По идее, всю Австралию можно считать музыкальной партитурой. Едва ли нашлась бы во всей стране хоть одна скала или речушка, которая осталась невоспетой. Наверное, можно рассматривать Тропы Песен как бесконечные строки местных «Илиад» и «Одиссей», извивающиеся, как длинные макароны, то в одну, то в другую сторону, и каждый эпизод этих эпических поэм толковать с помощью геологических понятий.
– Под словом «эпизод», – спросил я, – ты имеешь в виду «священное место»?
– Ну да.
– Вроде тех, что ты включаешь в отчет для железнодорожников?
– В некотором роде, – сказал он. – В буше можно ткнуть куда угодно и спросить у аборигена, который идет с тобой: «А тут что за история?» или «Кто это?». Скорее всего, он ответит: «Кенгуру», «Волнистый Попугайчик» или «Бородатая Ящерица» – в зависимости от того, какой Предок там проходил.
– А расстояние между двумя такими местами можно рассматривать как отрывок песни?
– Вот здесь и кроется, – ответил Аркадий, – причина всех моих споров с железнодорожниками.
Одно дело – уверить землемера в том, что груда валунов – это яйца Радужной Змеи, а глыба красноватого песчаника – печень пронзенного копьем Кенгуру. И совсем другое – убедить его в том, что невзрачная полоска гравия – музыкальный аналог сто одиннадцатого опуса Бетховена.

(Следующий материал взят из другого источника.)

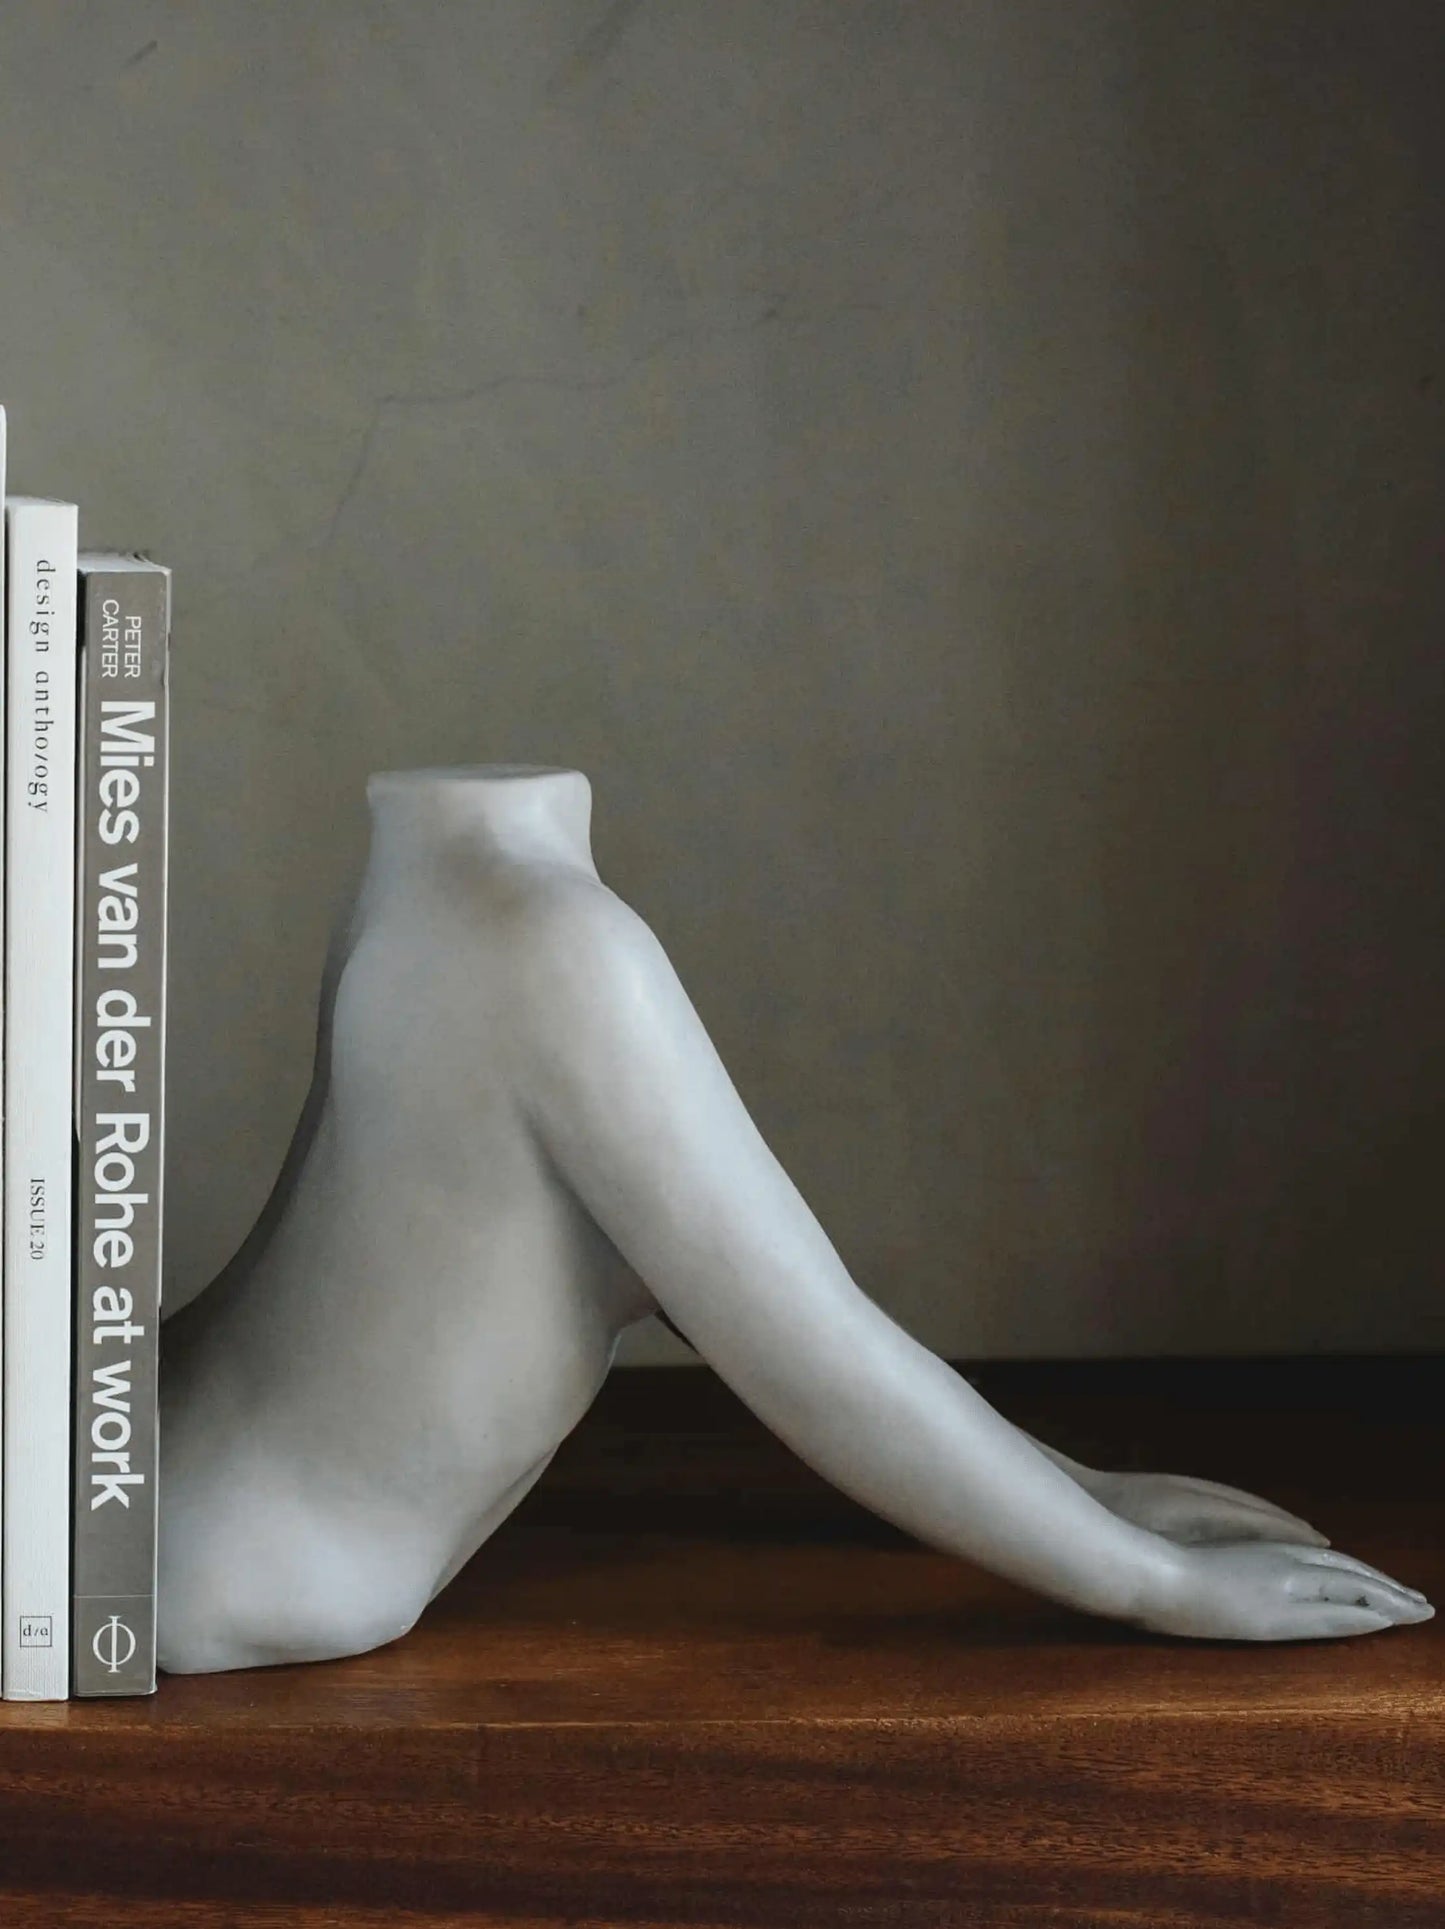 Stone Sculpture Pose Bookends
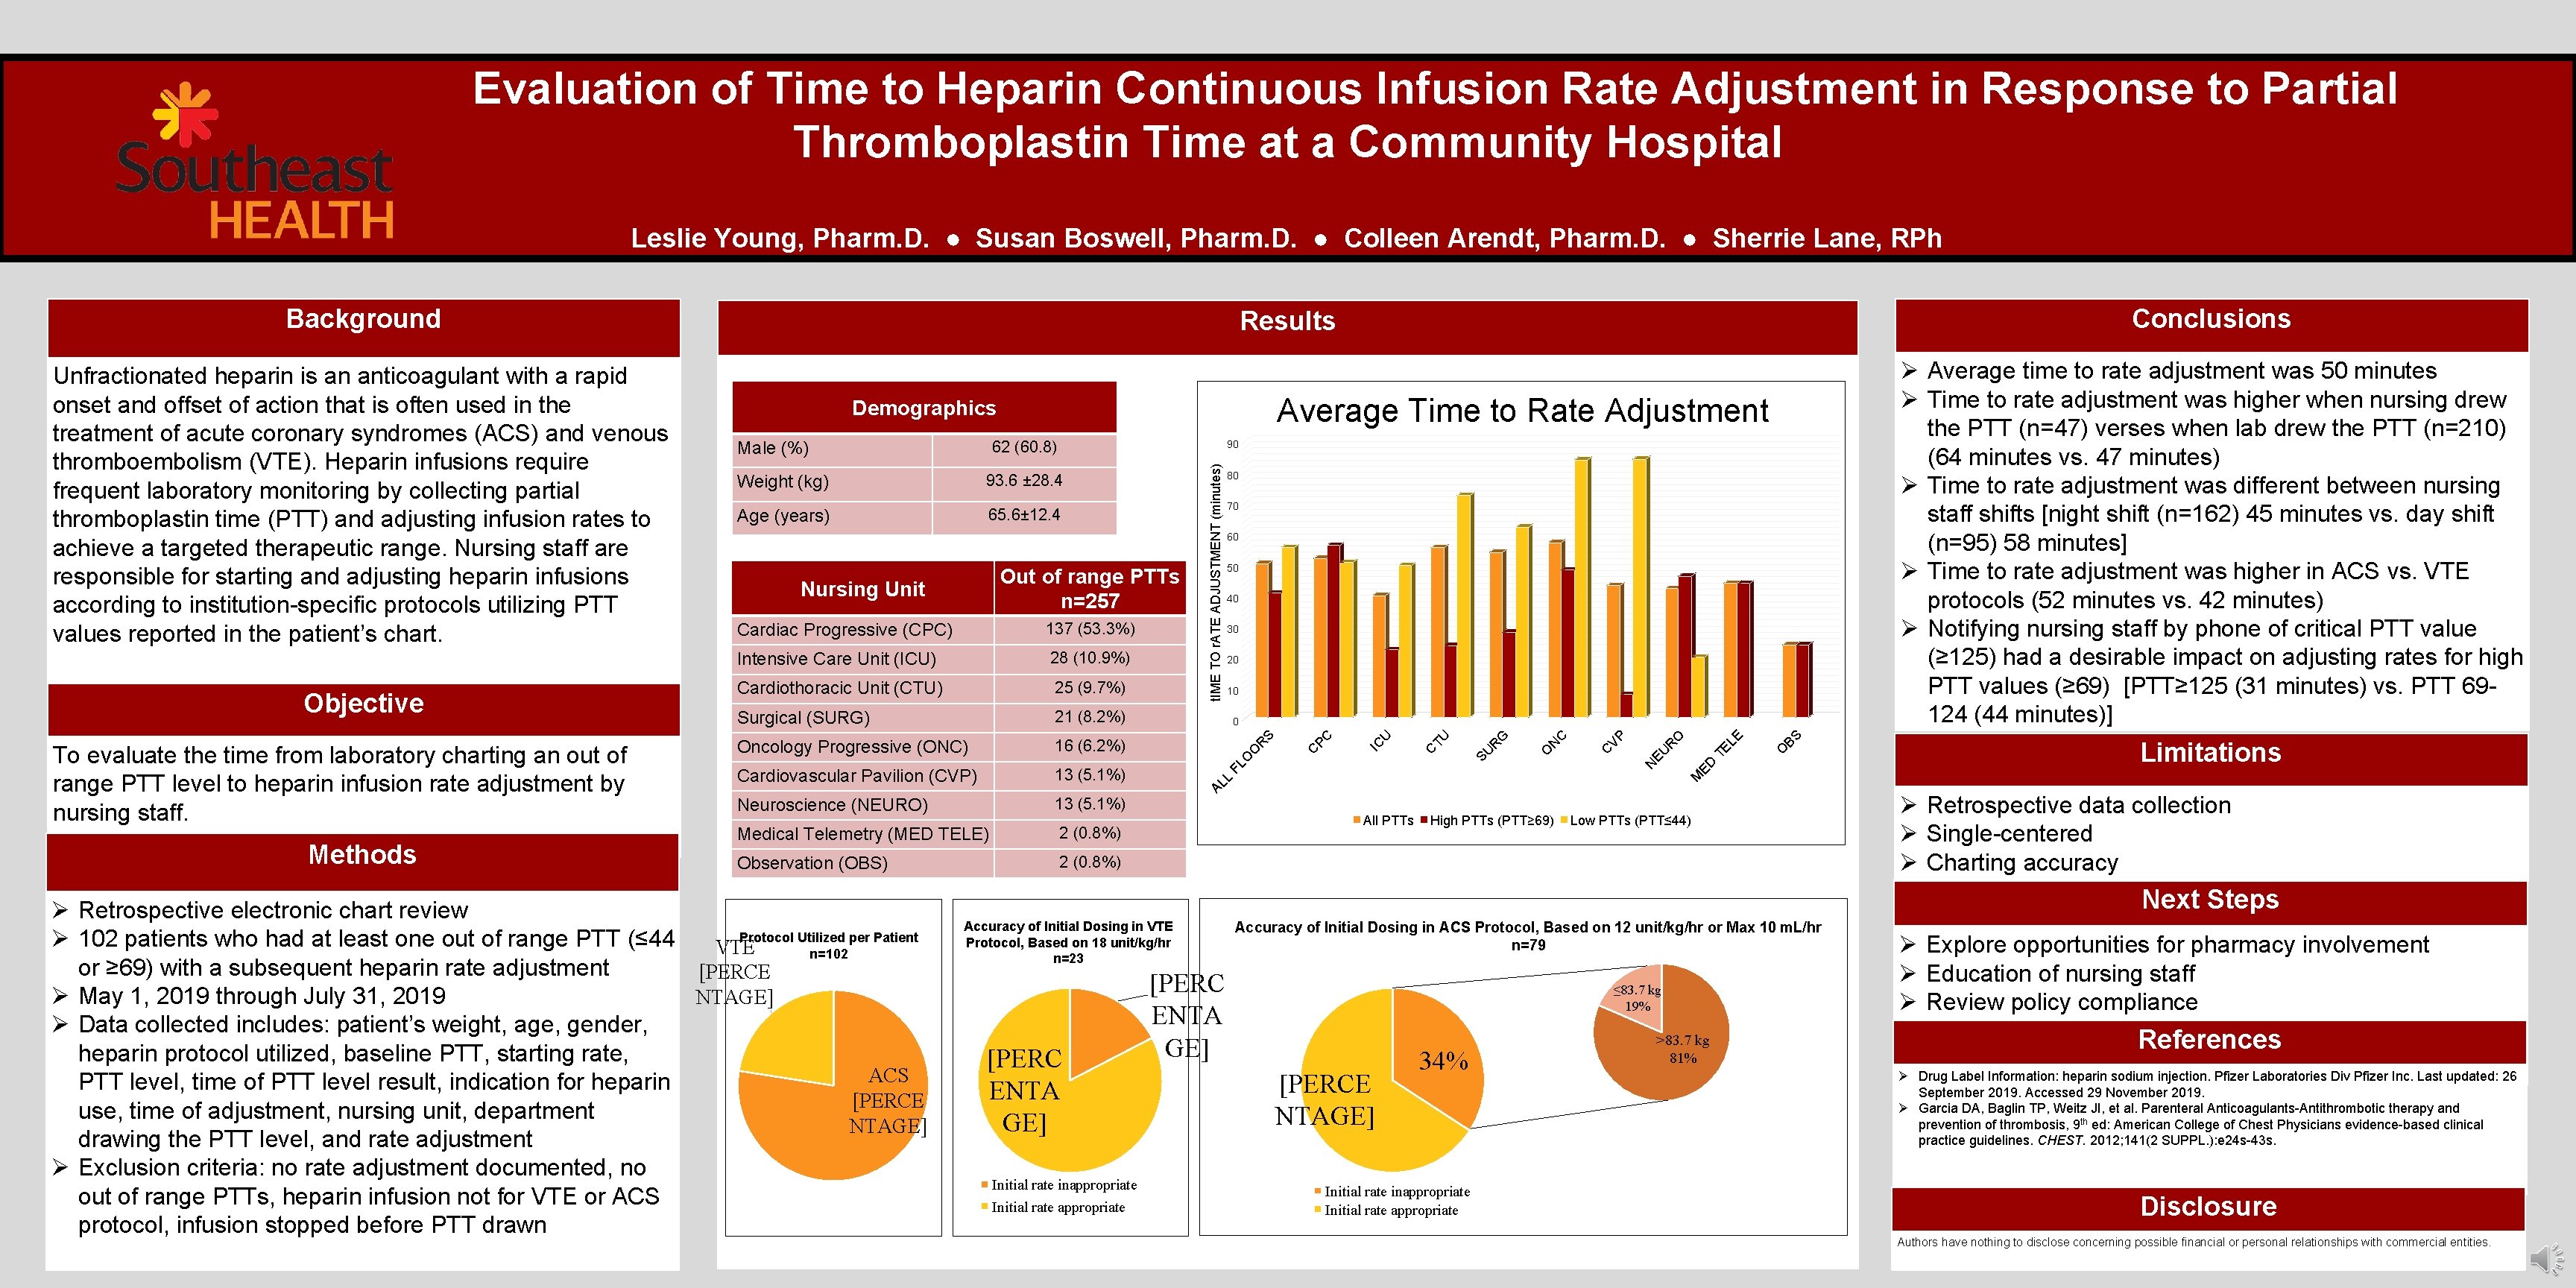 Evaluation of Time to Heparin Continuous Infusion Rate Adjustment in Response to Partial Thromboplastin

Создавая мир своим пением, продолжал он, Предки становились поэтами в исконном смысле этого слова: ведь poesis означает «творение». Ни один абориген не мог и помыслить, что сотворенный мир был хоть в чем-то несовершенным. В его религиозной жизни имелась единственная цель: сохранить землю такой, какой она должна быть всегда. Человек, отправлявшийся в Обход, совершал ритуальное странствие. Он ступал по стопам своего Предка. Пел строфы, сложенные Предком, не изменяя в них ни единого слова, ни единой ноты – и тем самым заново совершая Творение.
– Иногда, – говорил Аркадий, – я везу своих стариков по пустыне, мы подъезжаем к гребню дюн, и все они вдруг принимаются петь. «Что поете, народ?» – спрашиваю я, а они в ответ: «Поем землю, босс. Так она быстрее показывается».
Аборигены не понимают, как земля может существовать, пока они ее не увидят и не «пропоют», – как во Времена Сновидений не было земли до тех пор, пока Предки ее не воспели.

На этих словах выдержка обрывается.